But not actually correct. (You need to handle blank node scopes better if you are going to use bnode identifers as variables.)

But how does this differ in anything other than what one might call style, from how RDF graphs are defined now? An RDF graph is a set of triples, and it "means" the conjunction of them. (Blank nodes are actually like *free* variables, understood as implicitly existential.)  Isn't that what you just said, above? 

> and it allows one to
> define inference schemata very concisely.  Note that you don't even
> have to mention IRIs.

Well, you do if you are going to define RDF syntax, as opposed to some other language using triples. 

> 
> Then define an appropriate syntactic equivalence relation and you have
> concrete syntaxes.
> 
>> 
>> 3. "... semantic entailment (not to be confused with logical entailment)..."
>> 
>> Can you elicidate what you see as this distinction that is not to be confused? The textbook account of a formal logic distinguishes entailment, a purely semantic notion, often symbolized by the sign |=, from deducibility (via formal inference rules and axioms, typically), often symbolized by |-, and completeness is the property of these two coinciding. I do not know of any notion of logical *entailment* other than the semantic |= notion. Deducibility is not entailment.
> 
> The idea is just to distinguish between P |= Q under one
> interpretation

I don't want to seem harsh, but it appears that you simply do not understand how model theory works. What P |= Q means is: for **every** interpretation I, if I(P)=true then I(Q)=true. So to qualify it with "under one interpretation" does not make sense. 

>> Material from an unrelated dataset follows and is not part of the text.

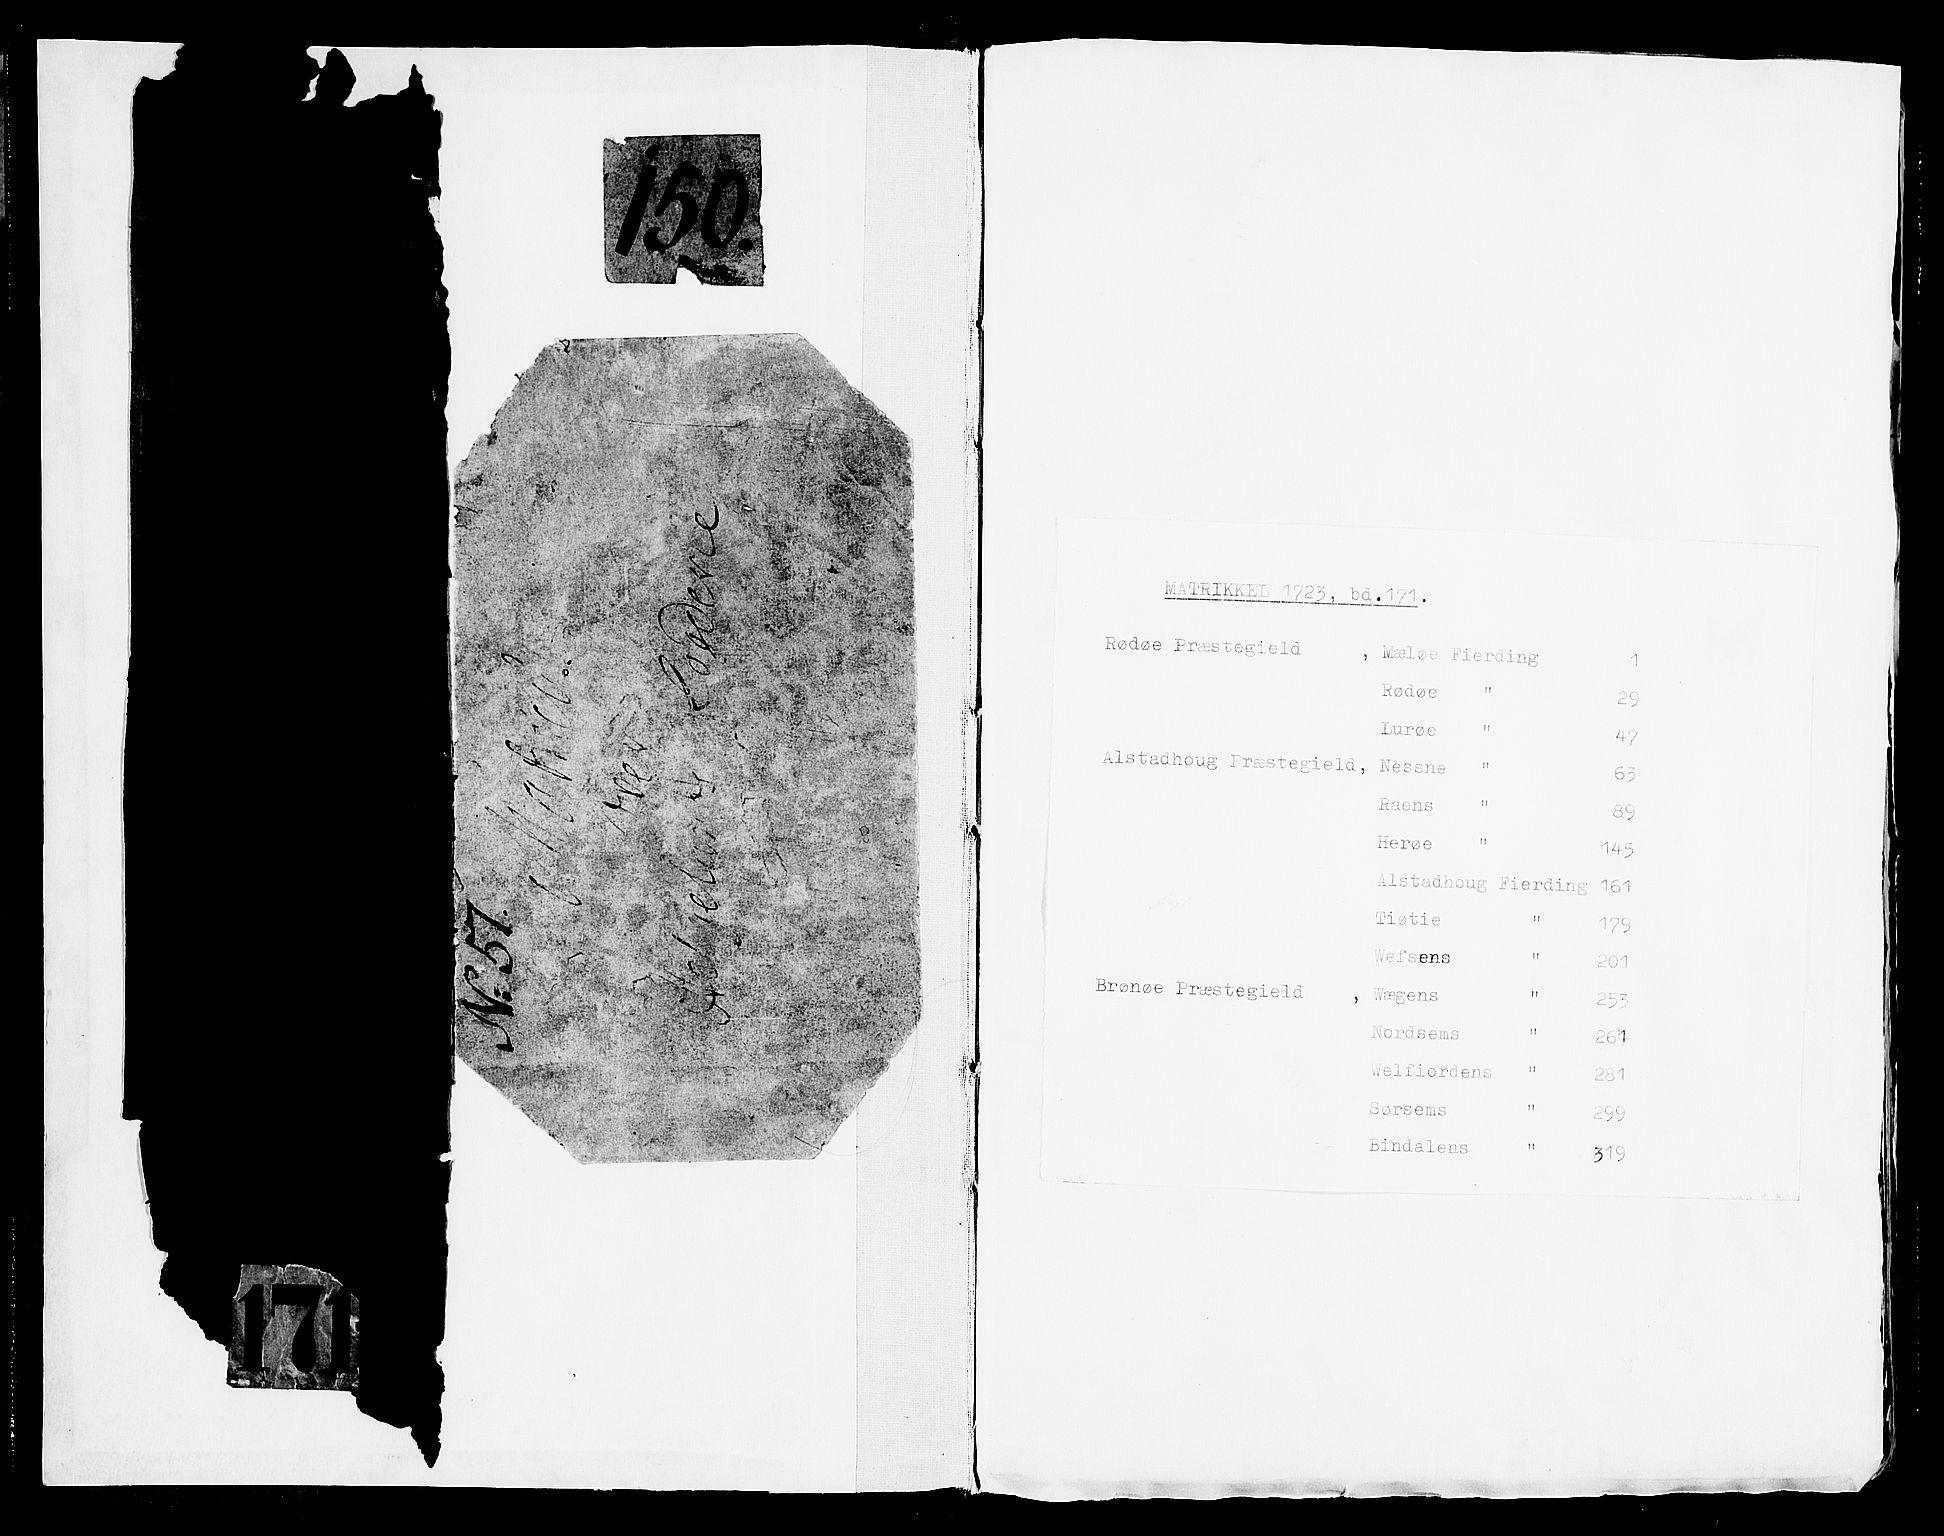 RA, Rentekammeret inntil 1814, Realistisk ordnet avdeling, N/Nb/Nbf/L0171: Helgeland matrikkelprotokoll, 1723, s. upaginert

> , and P but not Q under another.  I.e. I1 is a model for
> both P and Q, but I2 is a model for P but not Q.  Then Q is not a
> logical consequence of P

indeed, as I2 shows

> , but it does follow from P under I1

That is meaningless. All that the existence of i1 shows is that P and Q are mutually consistent.

> .  Call it
> "I1-consequence".  I called it semantic consequence because it's there
> in the interpretation but falls short of logical consequence.  Maybe
> there's a better term for it?

There is no term for it because it does not make sense. 

> 
> But I think your first point also applies here so I need to clarify.
> The point would be to clarify whether entailments depend on selection
> of the semantic domain defined in RDF-Semantics, i.e. whether they are
> interpretation-specific.
> 
>> 
>> 4. "The business of model theory is to build a bridge between formal calculi and (informal) semantic domains.  You don't need a formal representation of the semantic domain..."
>> 
>> Model theory *is* the result of formalizing the semantic domain. That was the new idea in Tarski's original publication which founded the subject in the 1940s. HIs title, you might recall, was "A theory of truth for formalized languages".
> 
> Sorry, wasn't around in 1940 so I don't recall.  But I have moved my
> eyes across it; it's about formalized *languages*.

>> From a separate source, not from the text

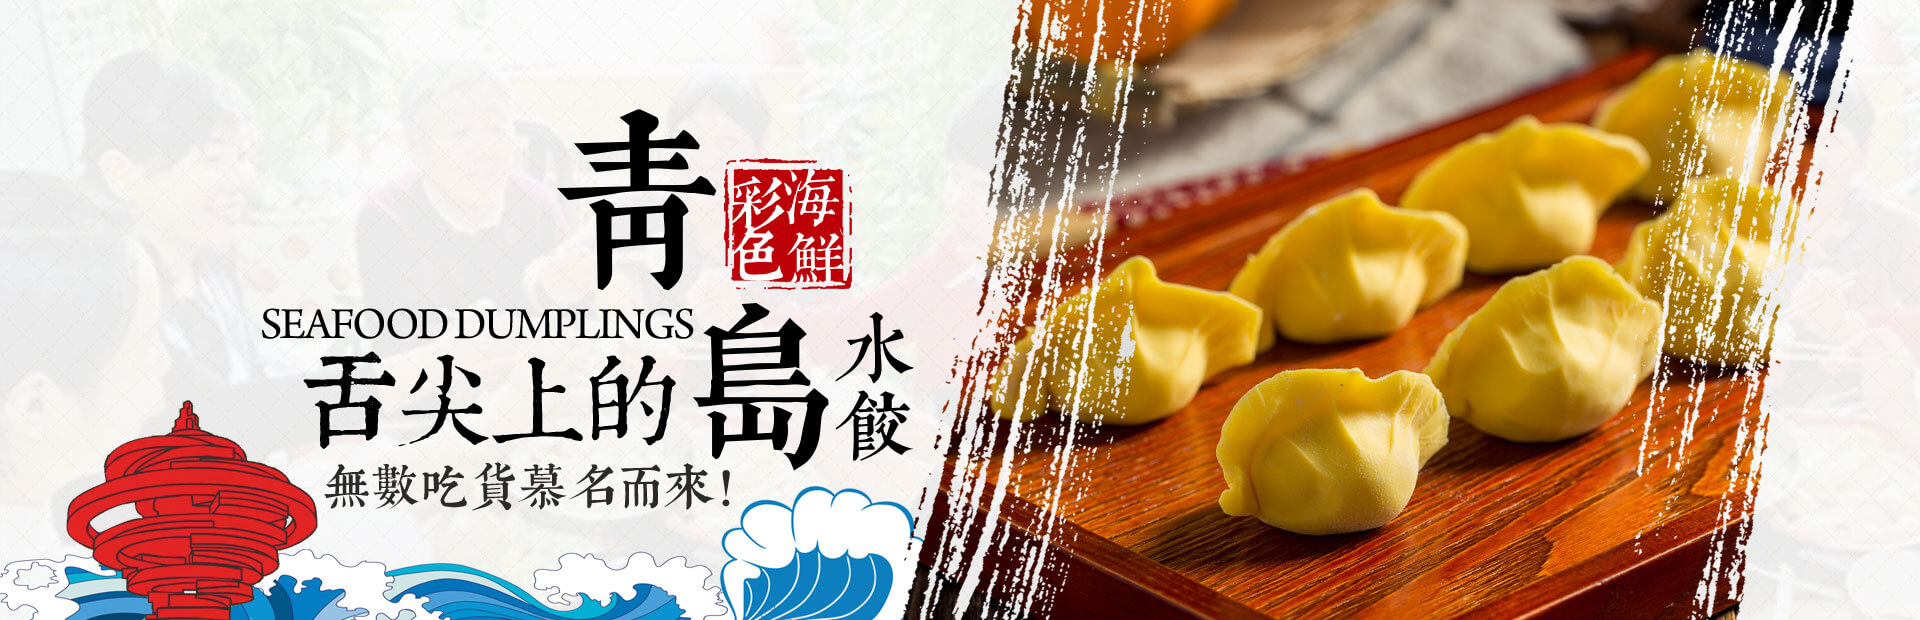 舌尖3推荐-青岛海鲜饺子

Often called formal logics, like RDF.

>  Model theory does
> not formalize any semantic domain - how could it, when it is domain
> agnostic by design?

It formalizes the *idea* of semantic domains. What we now call interpretations. An interpretation is a mathematical account of a semantic domain and how it affects truth of sentences. 

>  It's about how you relate the one (formal
> language) to the other (informal domains).

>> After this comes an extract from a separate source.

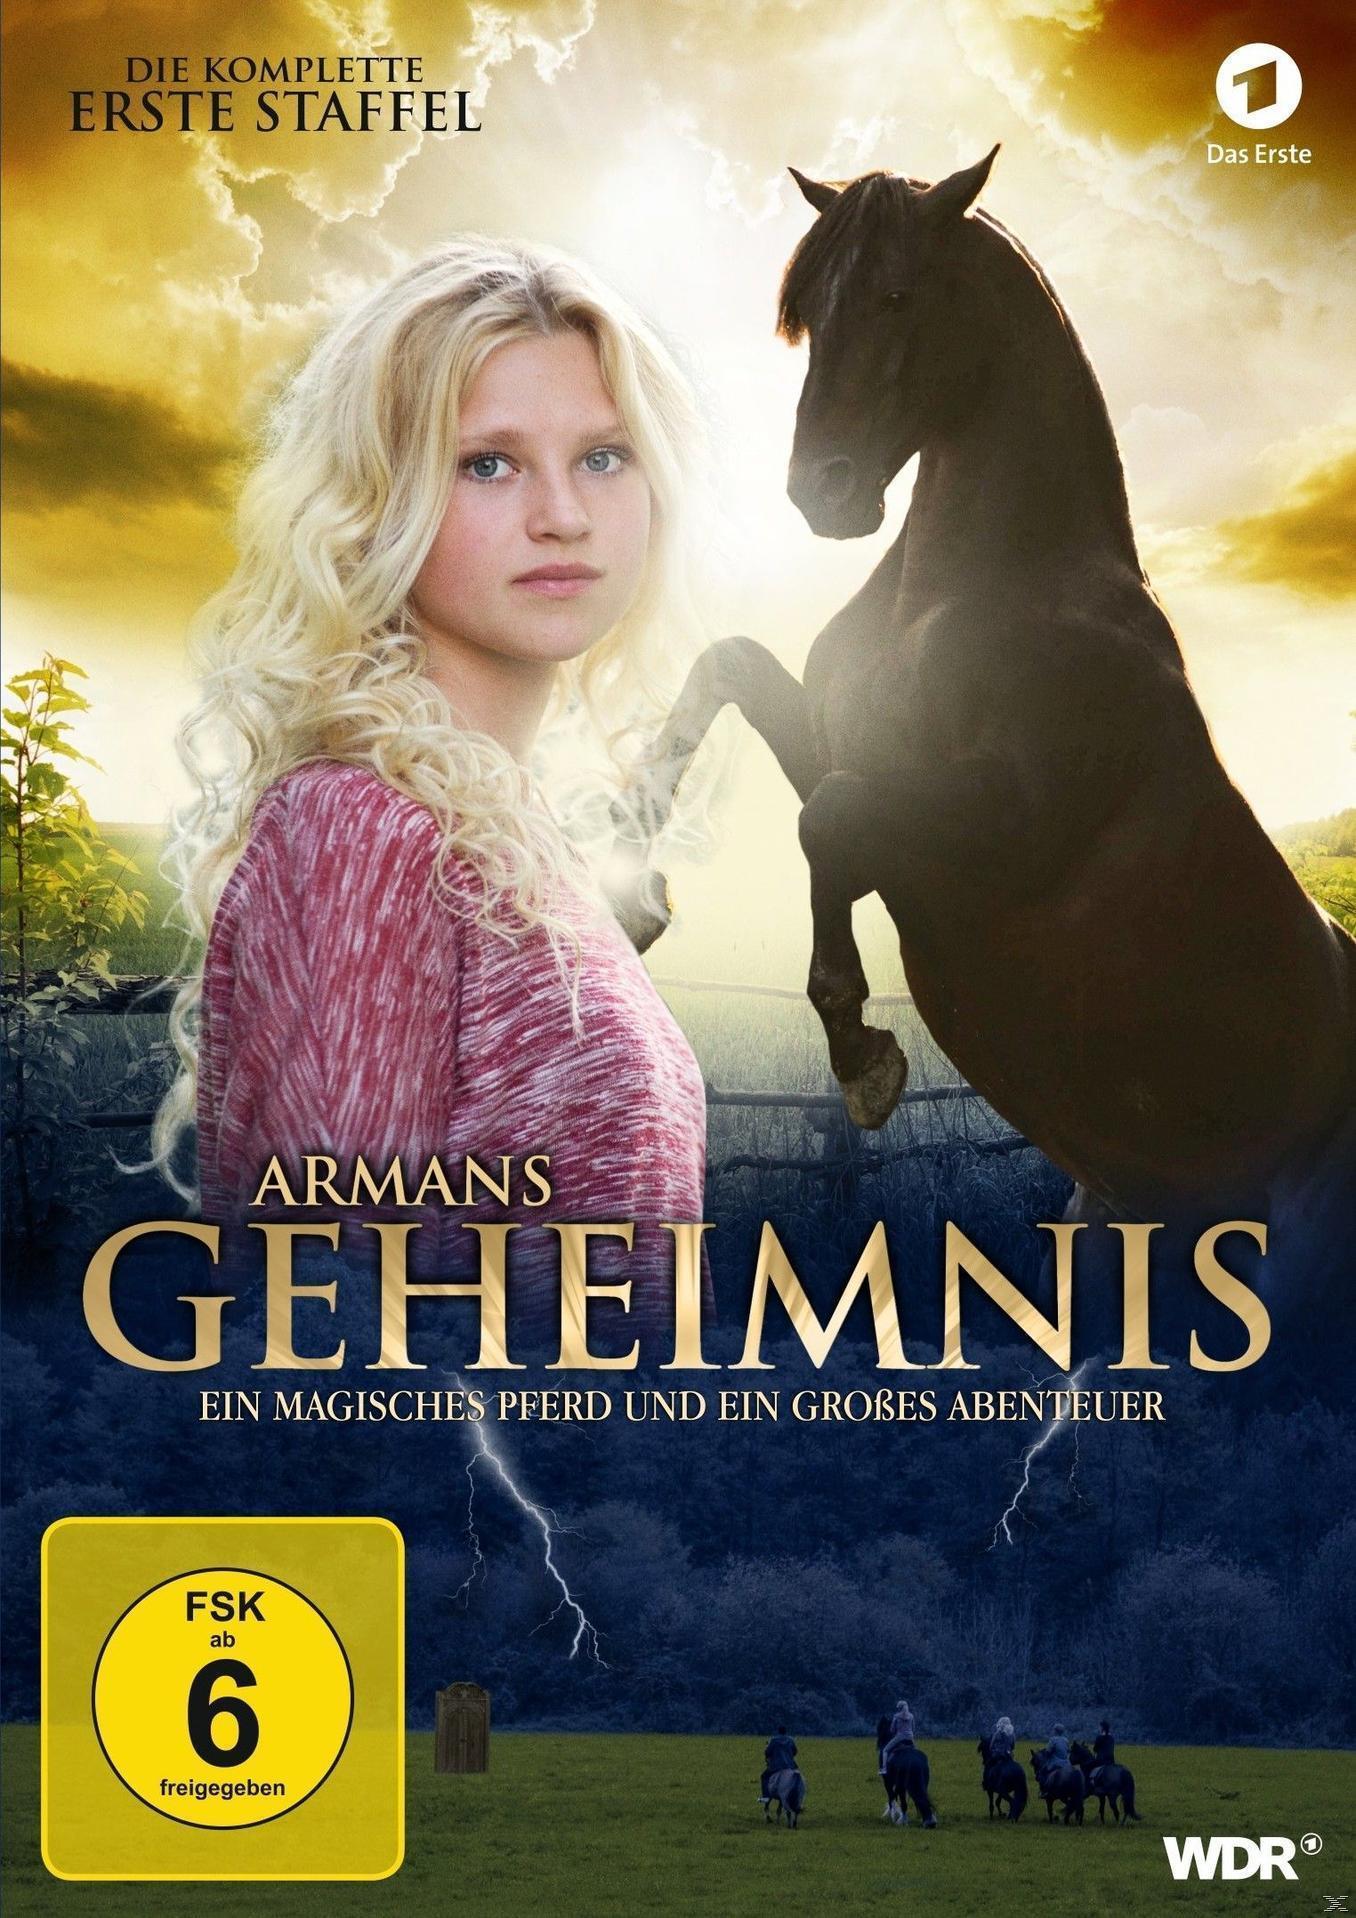 Armans Geheimnis - Die komplette erste Staffel - 2 Disc DVD (DVD) für 19,99 Euro

What do you mean by an "informal domain"? And where does model-theoretic semantics refer to these entities, whatever they are?

>  It's that relation that MT
> addresses and formalizes.  Actually "mathematicalizes" is more
> accurate than "formalizes".  That is not the same as providing a
> formalization of the domain.
> 
> (And Tarski's new idea was satisfaction, if I'm not mistaken.)
> 
>> 
>> 5.  "...model theory, ... makes automated proof a legitimate idea."
>> 
>> Proof theory makes automated proof a legitimate idea. Model theory establishes completeness of the formal proof methods.
> 
> We can quibble.  I guess "legitimate idea" is perhaps not the best
> choice of words here.  ;)
>> 
>> and I guess I won't bother to go on with this list.
>> 
> ...
>> But let me ask the larger question: what exactly is the point of this enterprise? Since the only point of inventing RDF in the first place was to provide for a basic degree of interoperability at a semantic level, what purpose could there be in ignoring this aspect of RDF?
> 
> Well, I guess one point might be to clarify what "interoperability at
> a semantic level" means; I'm not sure.  It may be a historical fact
> the the RDF definitions were at least in part motivated by a perceived
> need for semantics in some sense, but personally I've never been
> entirely convinced that a properly defined derivational calculus would
> not do as well, dispensing with the need for any sort of concrete
> semantic definition.  After all, most languages get along just fine
> without one.

Really? Most logical languages get along just fine without a semantics? 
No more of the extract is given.